What makes it the same class of error as multiple testing errors is the way you are underestimating the variation present when comparing one sample with several other samples. The Bonferroni correction in multiple testing is performing a similar role to the degrees of freedom in the Chi Squared test- it is acknowledging that when you have a bunch of samples that vary, that variation between samples is important. The manifestation of this fundamental issue is slightly different in the two cases- in a traditional textbook multiple testing error you are ignoring that the variation between samples and eventually striking one that is significant.

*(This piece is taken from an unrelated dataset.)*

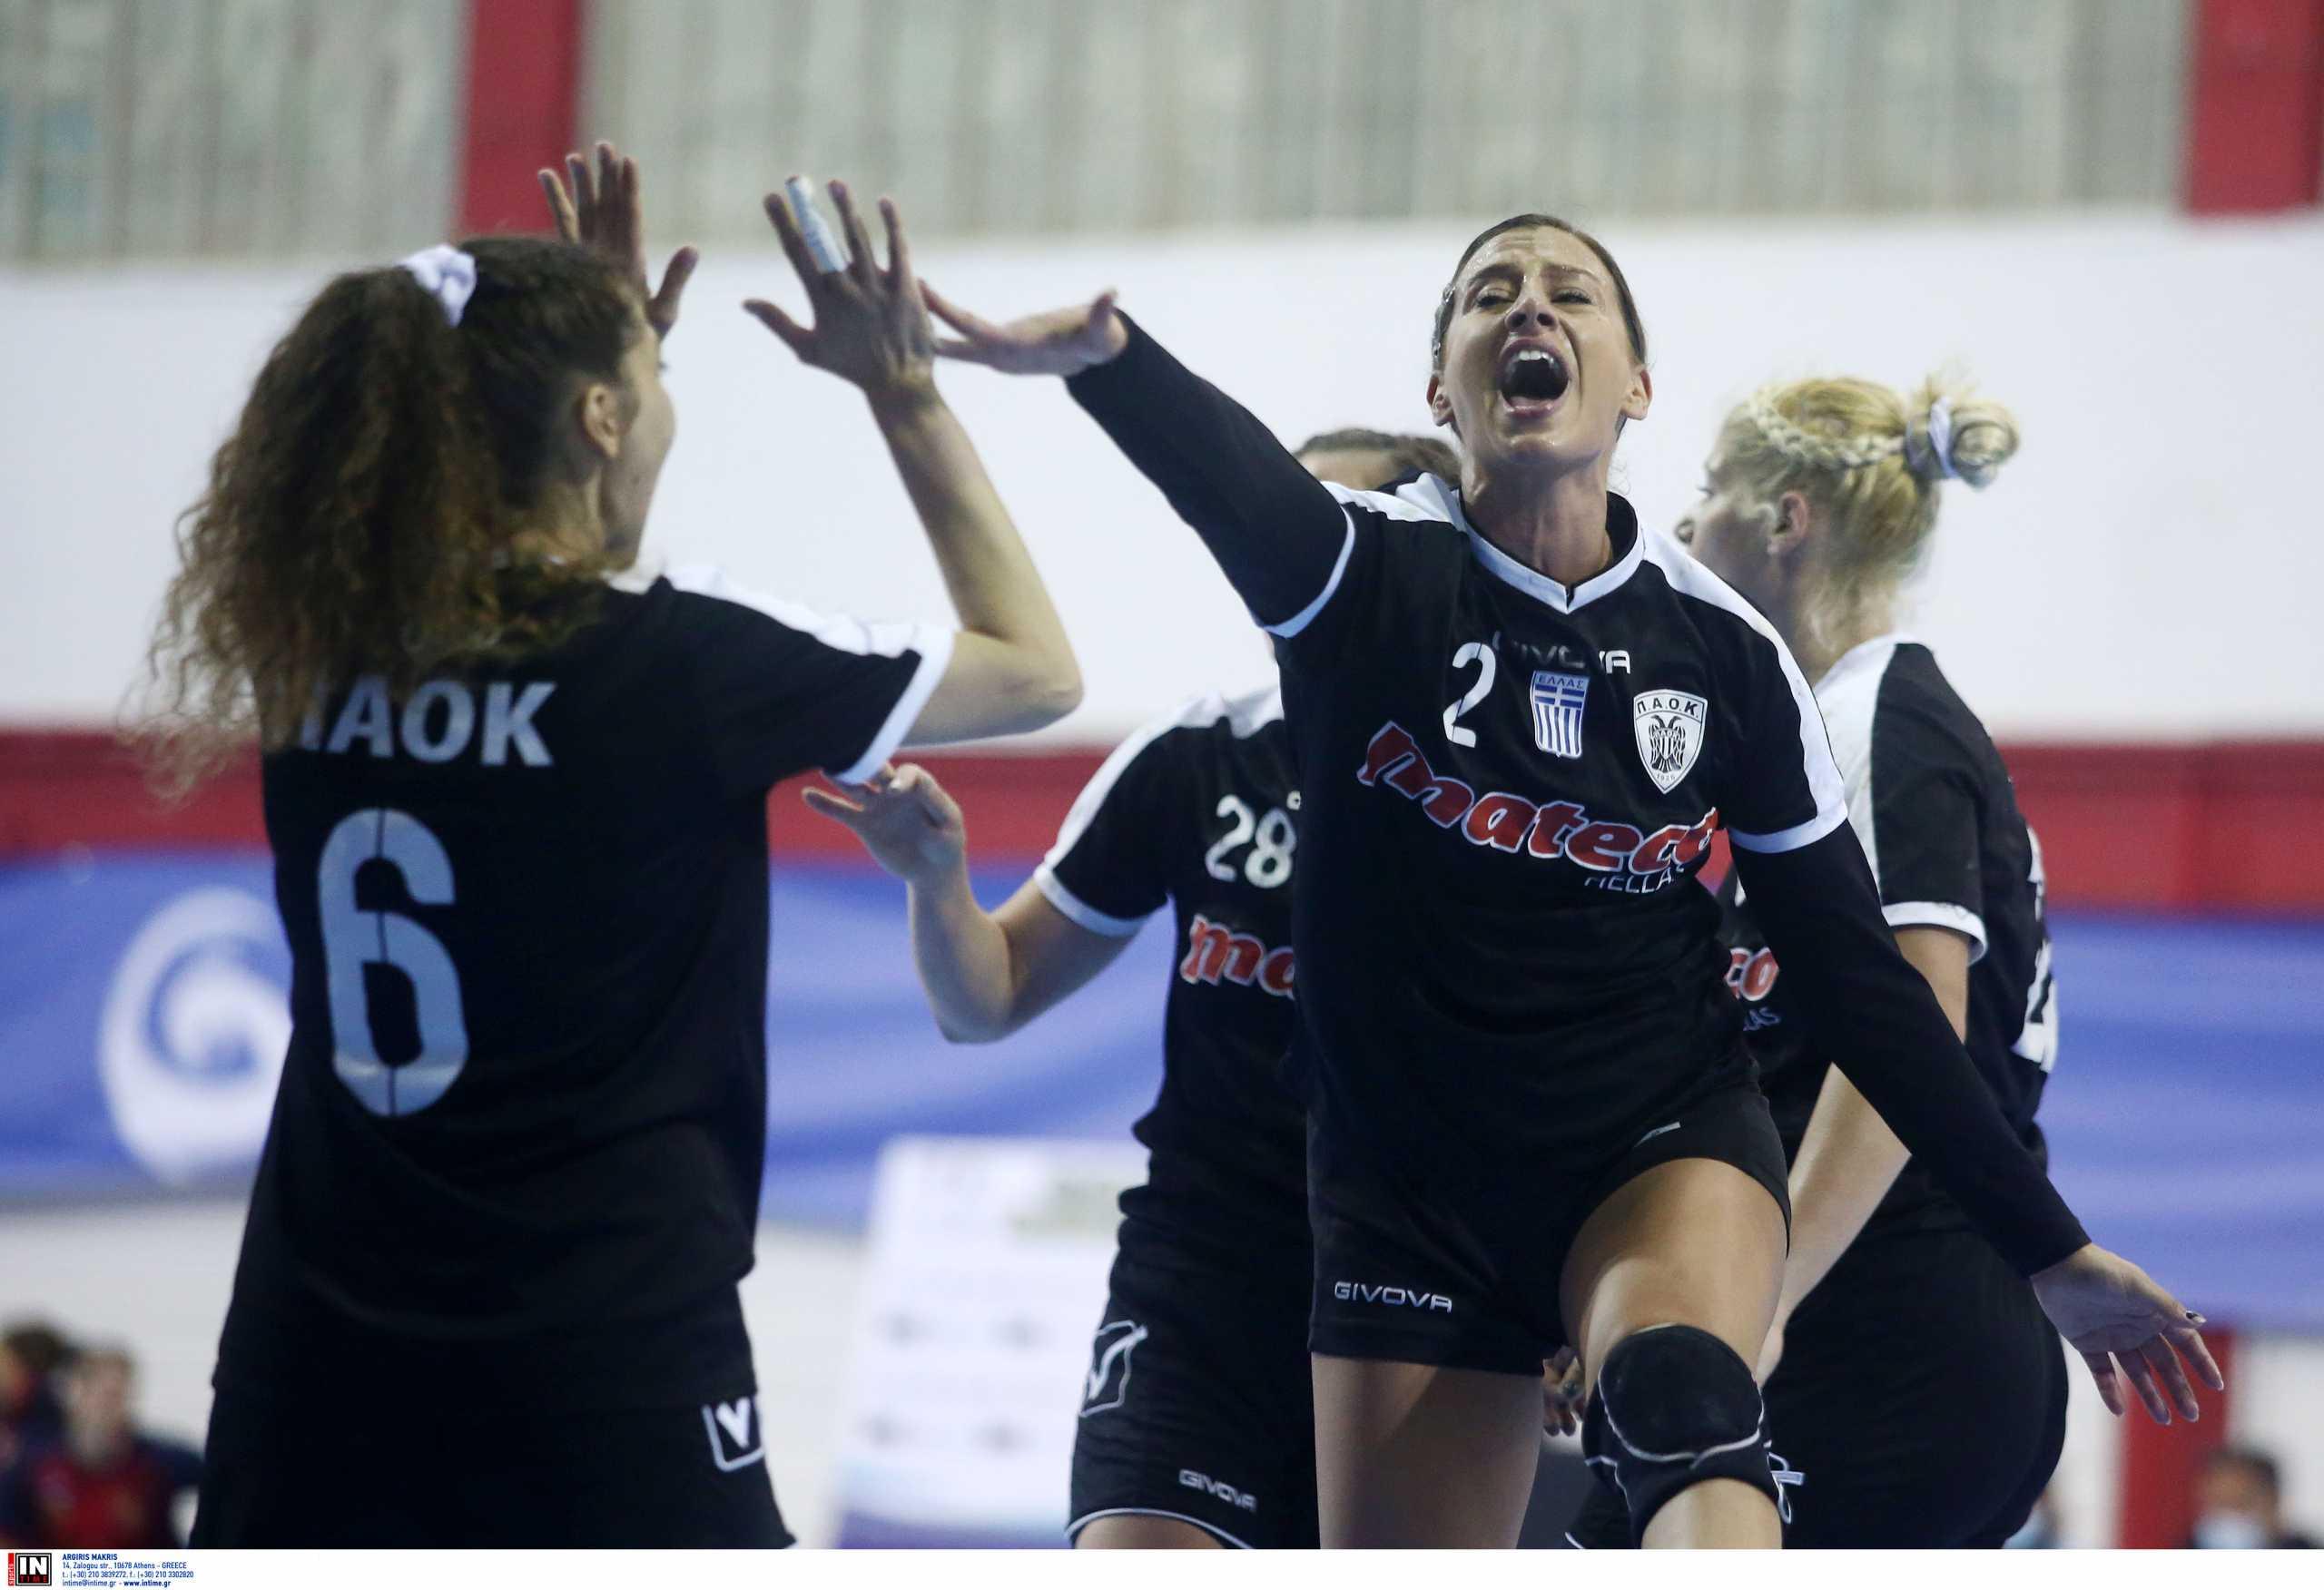 Ο ΠΑΟΚ κατέκτησε το Κύπελλο Ελλάδας στο χάντμπολ γυναικών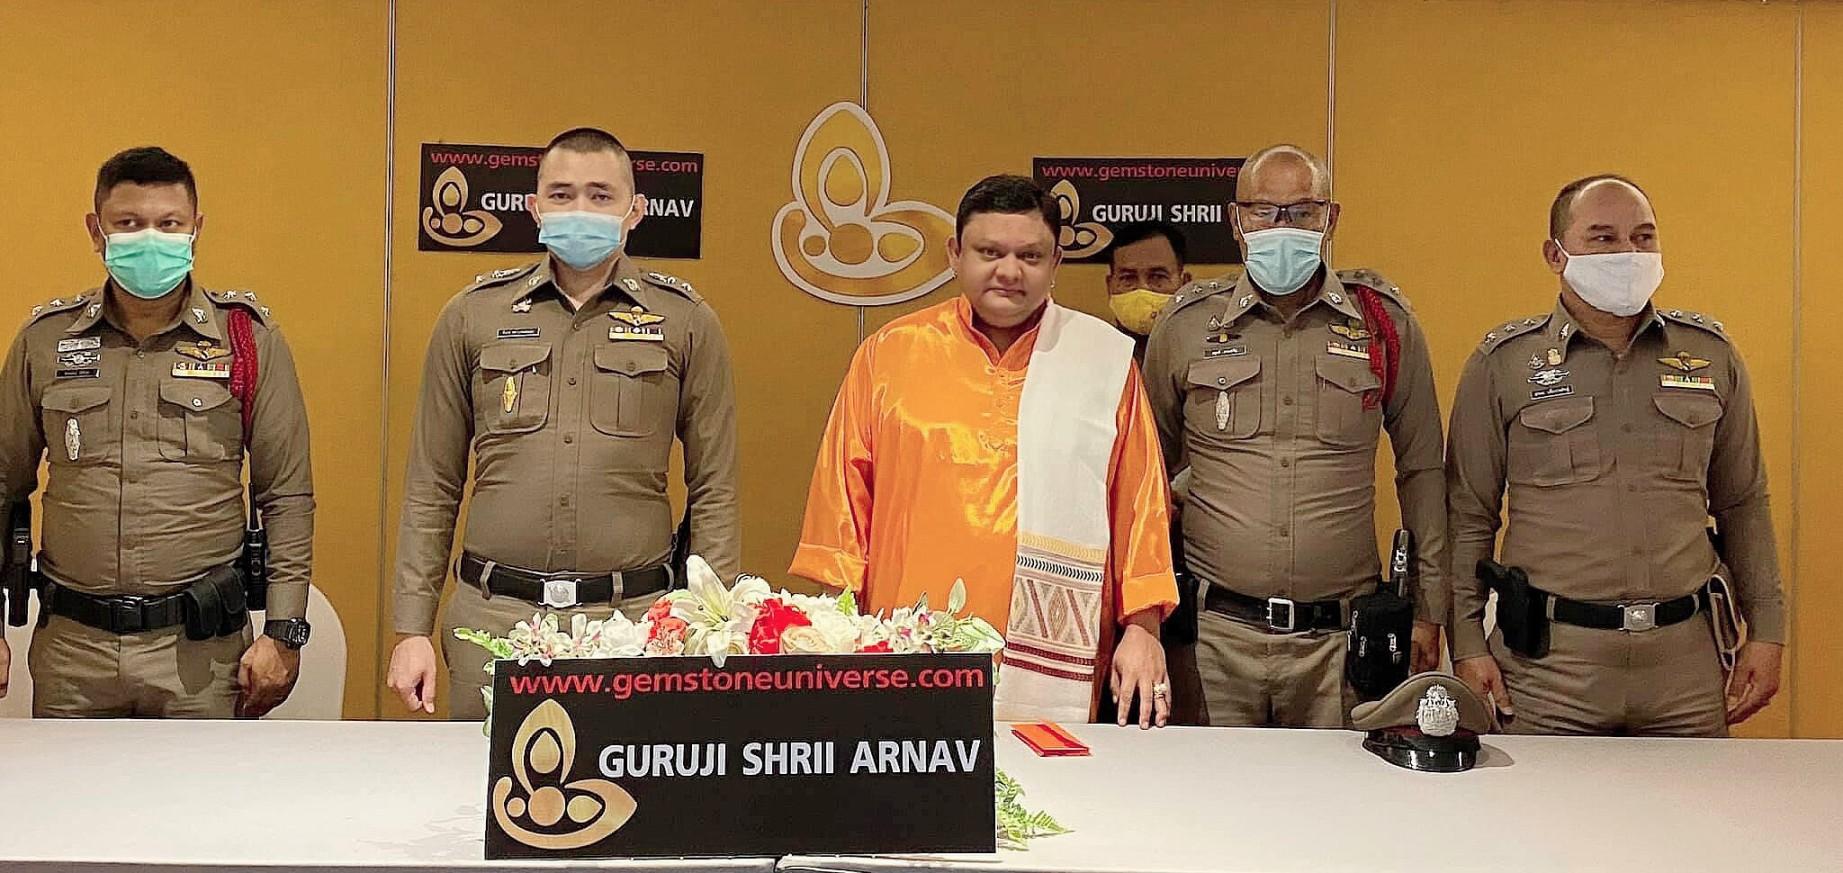 Guruji Shrii Arnav with senior officers of the Royal Thai Police

In this version, In this version, the information of between sample variation is similarly ignored, and in that blindness the difference of the first sample (Year A in this example) is overemphasised by the degree to which the first sample is influenced by the same inter-sample variation that is affecting the other samples.

Blindness to what multiple samples are telling you is, in my opinion, a multiple sampling error.